# WORK ORDER
Copy exactly the lines of the records below, and only those lines, beginning with the line that contains "Helena Rubinstein Nudit" and ending with the line that contains "Стол компьютерный СУ-4".

_ _ _ _ _ _ _

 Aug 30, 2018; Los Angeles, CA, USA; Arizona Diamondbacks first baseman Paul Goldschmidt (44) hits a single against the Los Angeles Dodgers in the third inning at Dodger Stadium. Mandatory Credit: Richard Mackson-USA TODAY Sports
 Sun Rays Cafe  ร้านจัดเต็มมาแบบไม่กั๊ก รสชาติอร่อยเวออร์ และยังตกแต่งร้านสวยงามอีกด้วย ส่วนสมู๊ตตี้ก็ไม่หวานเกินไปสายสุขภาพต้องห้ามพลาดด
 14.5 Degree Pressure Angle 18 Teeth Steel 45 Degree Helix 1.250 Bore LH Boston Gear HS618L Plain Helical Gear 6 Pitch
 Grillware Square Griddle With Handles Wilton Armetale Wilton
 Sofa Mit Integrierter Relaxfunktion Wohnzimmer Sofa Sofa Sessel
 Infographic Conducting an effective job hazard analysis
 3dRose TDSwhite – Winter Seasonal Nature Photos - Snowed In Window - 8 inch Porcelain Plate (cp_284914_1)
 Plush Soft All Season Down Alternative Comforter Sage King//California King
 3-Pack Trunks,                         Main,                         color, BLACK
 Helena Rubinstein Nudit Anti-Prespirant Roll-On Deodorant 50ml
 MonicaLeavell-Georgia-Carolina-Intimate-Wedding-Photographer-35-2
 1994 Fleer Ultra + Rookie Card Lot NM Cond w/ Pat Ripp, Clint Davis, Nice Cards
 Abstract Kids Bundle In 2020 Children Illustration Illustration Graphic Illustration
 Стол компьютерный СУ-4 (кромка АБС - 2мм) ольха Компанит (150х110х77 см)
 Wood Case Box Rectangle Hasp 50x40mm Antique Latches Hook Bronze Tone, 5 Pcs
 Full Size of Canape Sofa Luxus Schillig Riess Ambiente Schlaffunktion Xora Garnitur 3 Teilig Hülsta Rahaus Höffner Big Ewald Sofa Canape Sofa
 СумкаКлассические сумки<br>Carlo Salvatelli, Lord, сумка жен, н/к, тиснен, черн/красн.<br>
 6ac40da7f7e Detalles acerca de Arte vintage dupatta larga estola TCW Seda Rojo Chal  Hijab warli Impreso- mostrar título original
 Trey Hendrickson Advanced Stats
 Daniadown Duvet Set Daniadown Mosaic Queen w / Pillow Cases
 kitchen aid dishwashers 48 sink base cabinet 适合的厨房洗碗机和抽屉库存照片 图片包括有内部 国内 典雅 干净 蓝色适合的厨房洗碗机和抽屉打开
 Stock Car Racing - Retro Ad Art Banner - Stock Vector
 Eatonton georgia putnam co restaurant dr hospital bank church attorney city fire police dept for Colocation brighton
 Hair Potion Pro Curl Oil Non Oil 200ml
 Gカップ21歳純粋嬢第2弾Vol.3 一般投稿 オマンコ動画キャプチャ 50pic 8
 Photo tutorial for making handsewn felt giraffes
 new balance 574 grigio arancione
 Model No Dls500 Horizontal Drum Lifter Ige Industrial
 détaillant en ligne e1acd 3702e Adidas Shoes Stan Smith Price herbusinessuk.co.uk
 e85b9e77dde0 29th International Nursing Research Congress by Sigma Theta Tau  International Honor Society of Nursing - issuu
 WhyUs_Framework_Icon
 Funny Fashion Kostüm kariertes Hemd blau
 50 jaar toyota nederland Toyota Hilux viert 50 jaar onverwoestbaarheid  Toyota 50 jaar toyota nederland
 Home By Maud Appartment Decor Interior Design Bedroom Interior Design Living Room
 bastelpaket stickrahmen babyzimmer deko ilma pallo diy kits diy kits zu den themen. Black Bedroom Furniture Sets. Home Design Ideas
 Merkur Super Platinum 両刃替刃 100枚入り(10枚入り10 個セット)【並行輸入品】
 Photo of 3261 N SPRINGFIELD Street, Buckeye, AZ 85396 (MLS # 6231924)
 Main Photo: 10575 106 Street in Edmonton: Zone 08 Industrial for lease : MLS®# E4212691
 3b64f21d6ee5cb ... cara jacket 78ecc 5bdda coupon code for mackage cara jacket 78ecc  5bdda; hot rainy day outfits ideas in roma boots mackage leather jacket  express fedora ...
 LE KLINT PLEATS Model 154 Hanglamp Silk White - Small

_ _ _ _ _ _ _

# TASK RESULT
 Helena Rubinstein Nudit Anti-Prespirant Roll-On Deodorant 50ml
 MonicaLeavell-Georgia-Carolina-Intimate-Wedding-Photographer-35-2
 1994 Fleer Ultra + Rookie Card Lot NM Cond w/ Pat Ripp, Clint Davis, Nice Cards
 Abstract Kids Bundle In 2020 Children Illustration Illustration Graphic Illustration
 Стол компьютерный СУ-4 (кромка АБС - 2мм) ольха Компанит (150х110х77 см)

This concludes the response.